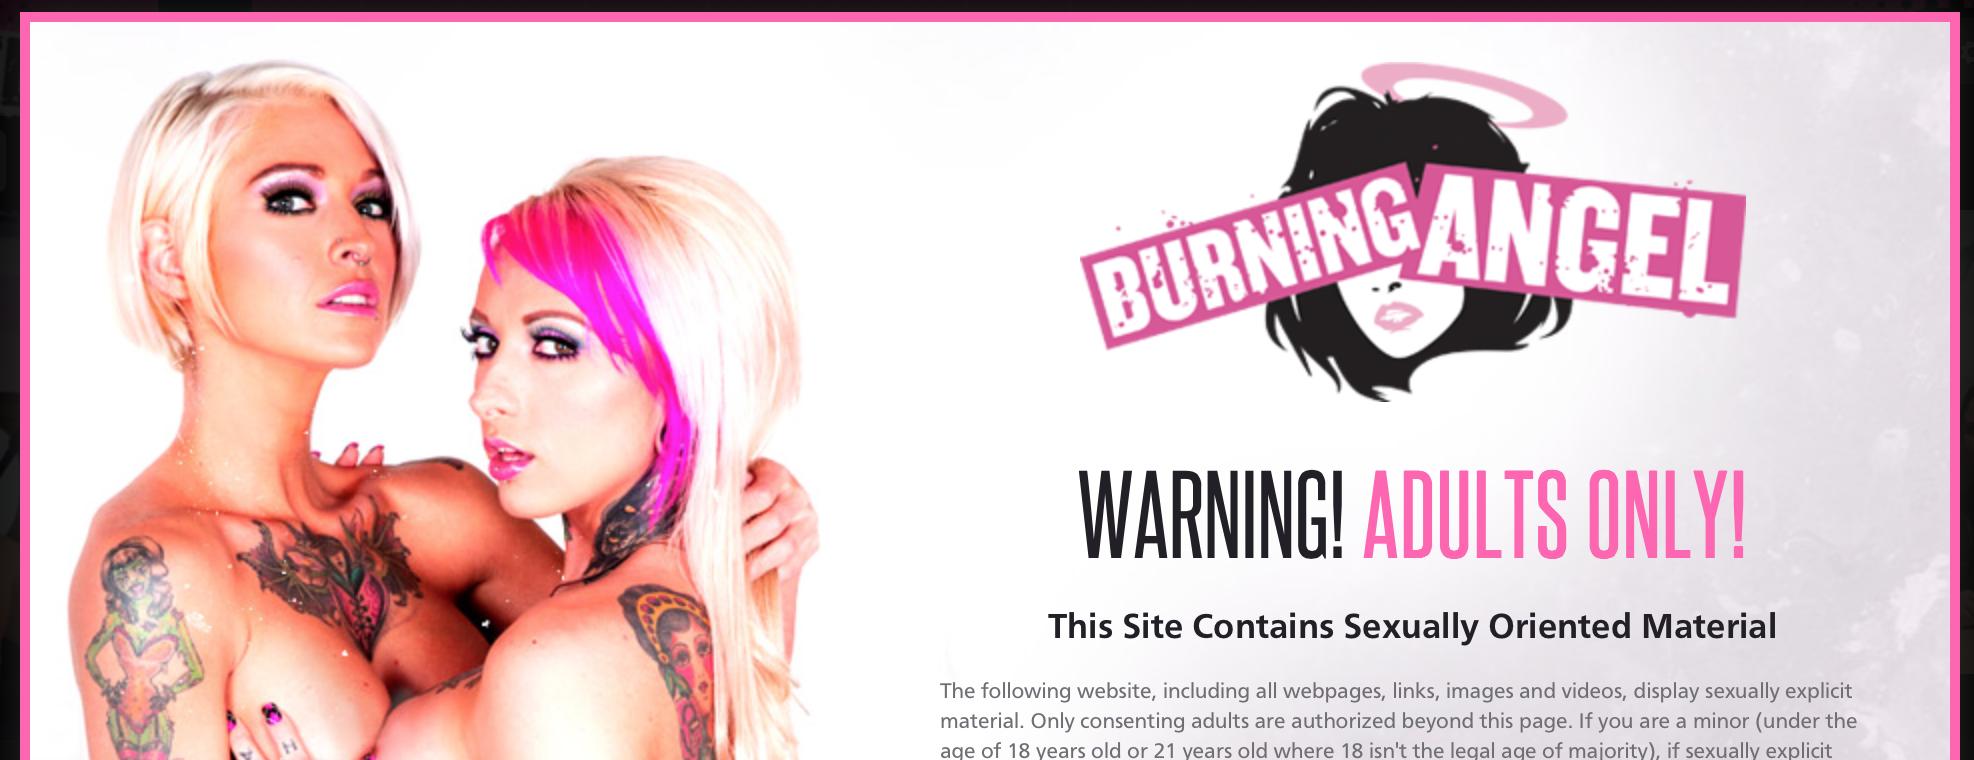 BurningAngel.com
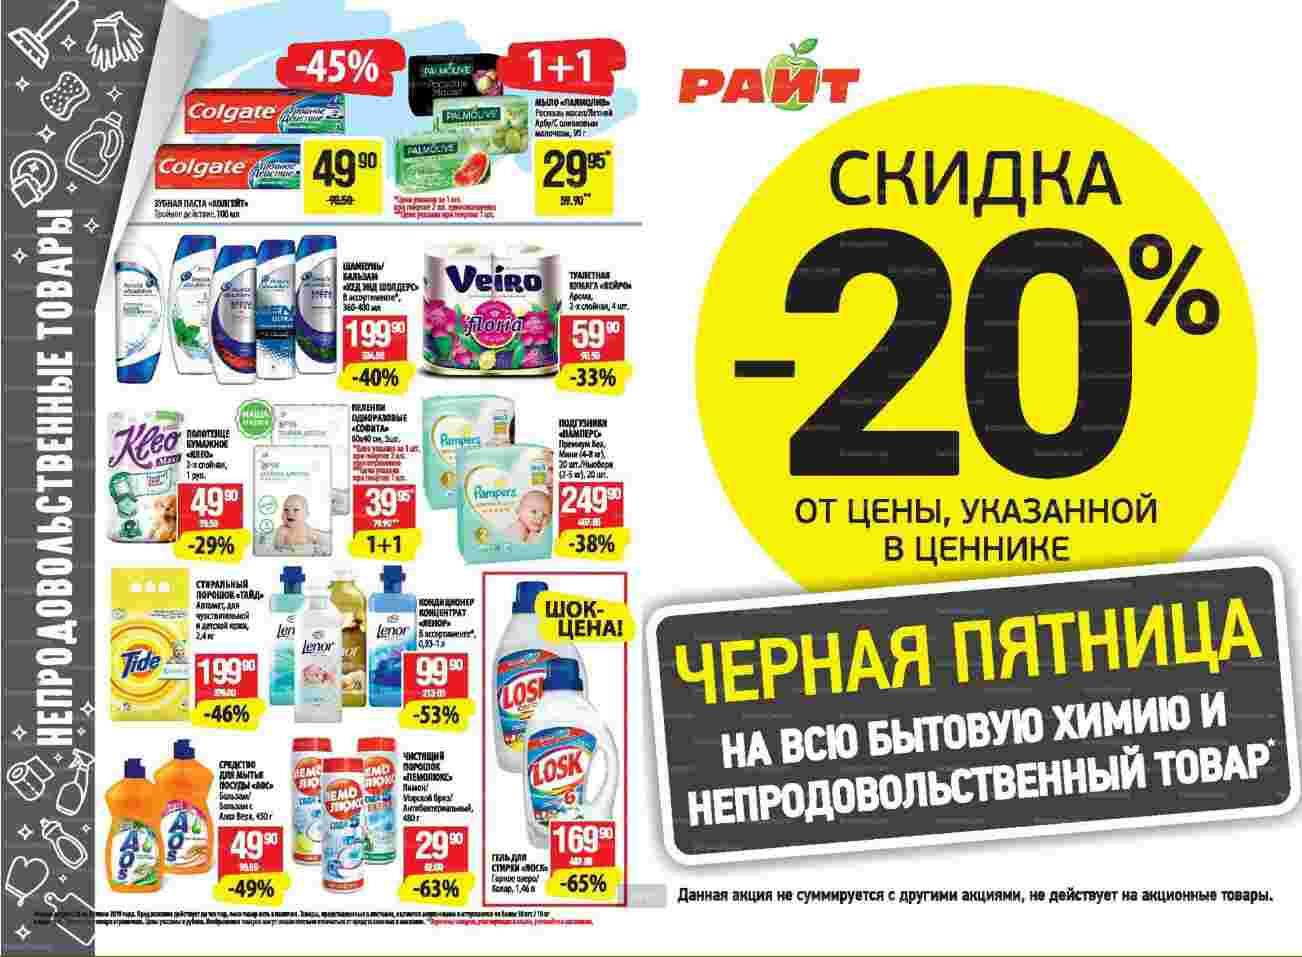 Каталог гипермаркетов РАЙТ 10-16.06.2019 стр.10
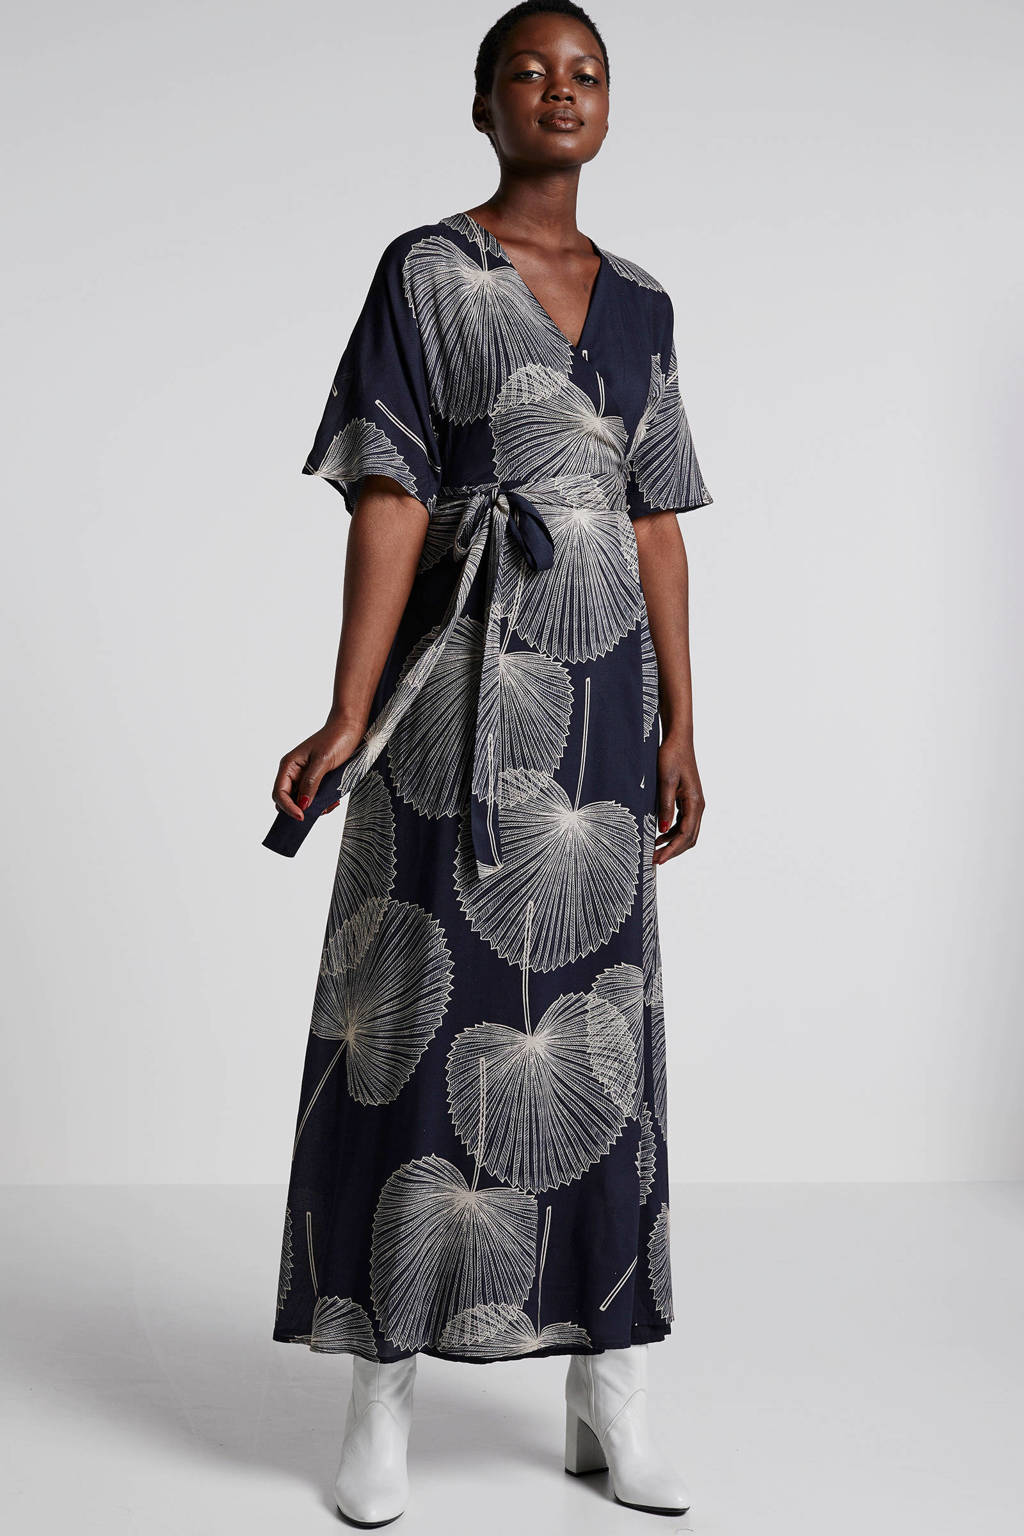 ESPRIT Women Collection maxi jurk met blad print zwart, Zwart/wit
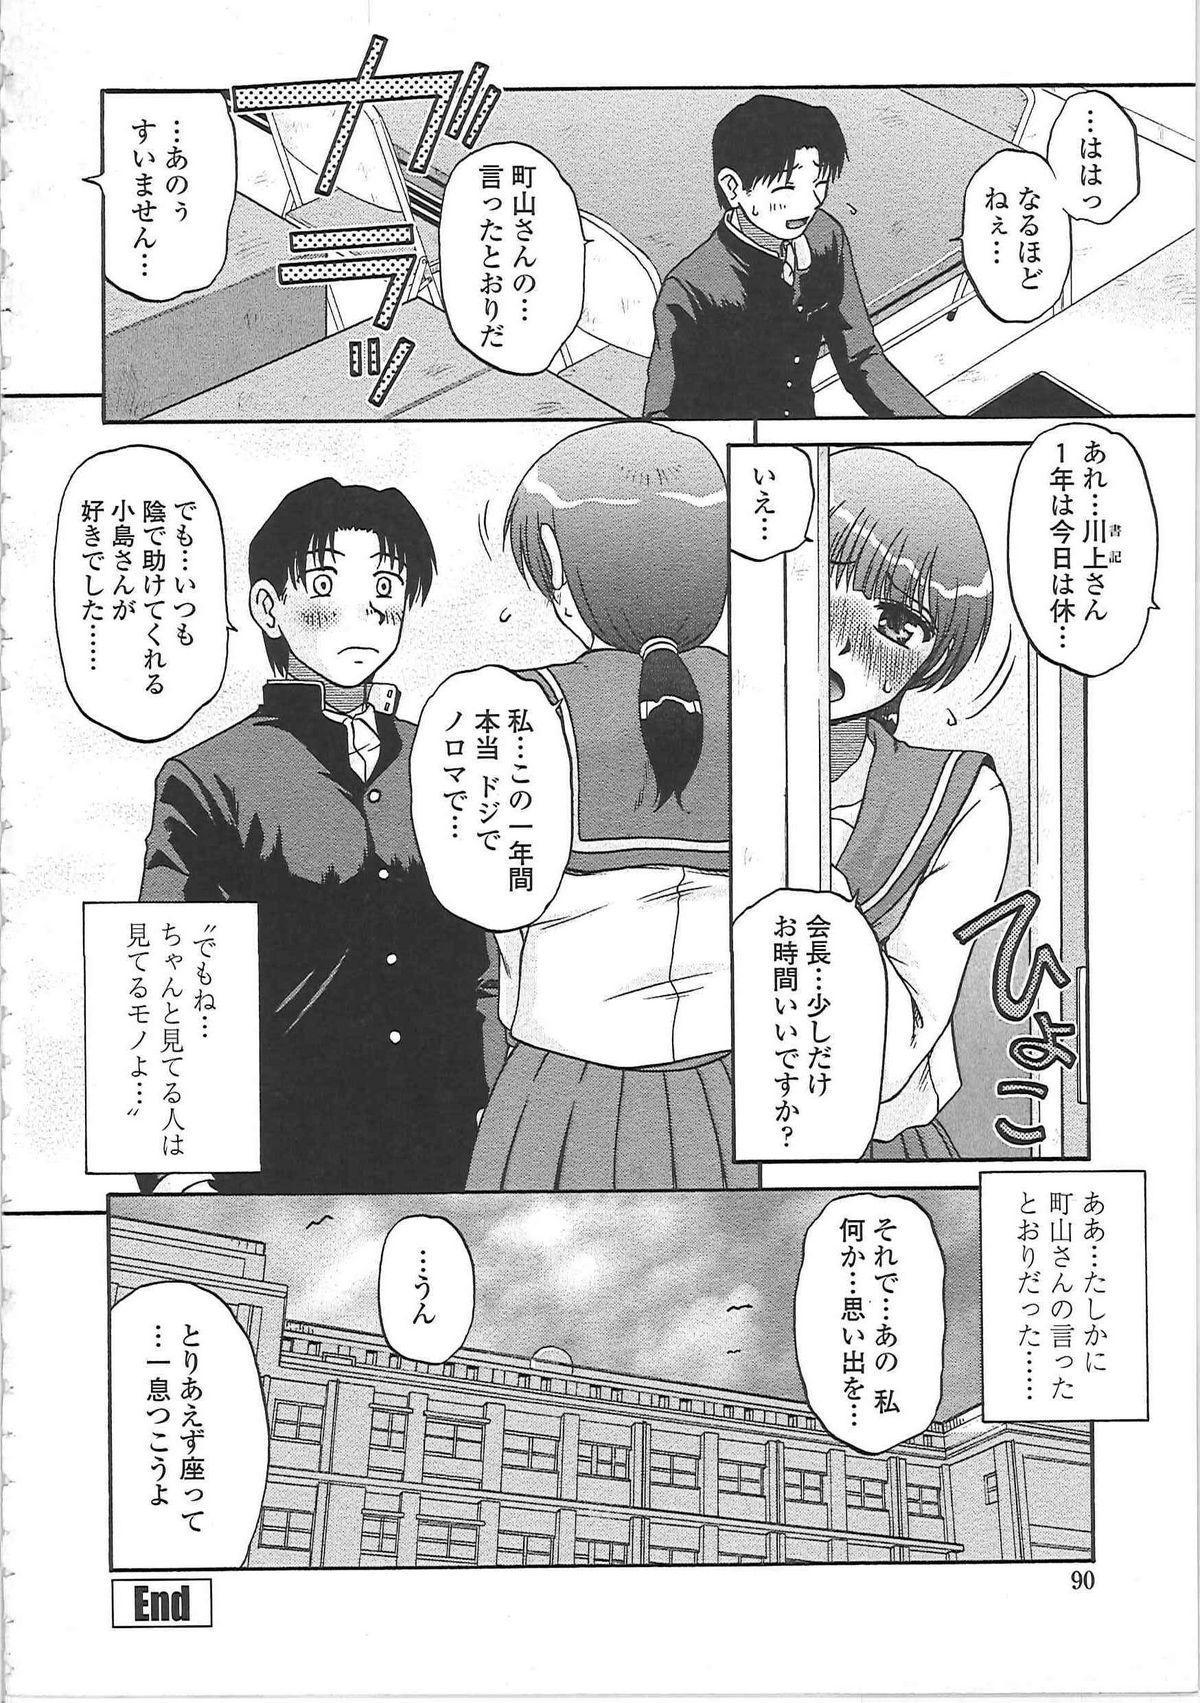 Nikuzuma Tsuushin - Erotic Wife Communication 94

++++++++++++++++++++

Instructions for the task.
The answer must be an exact copy of the lines from the one with "ESPRIT Women Collection" through the final line above, both ends included, and nothing else; pictures stay out.

Your response.
 ESPRIT Women Collection maxi jurk met blad print zwart, Zwart/wit
 Nikuzuma Tsuushin - Erotic Wife Communication 94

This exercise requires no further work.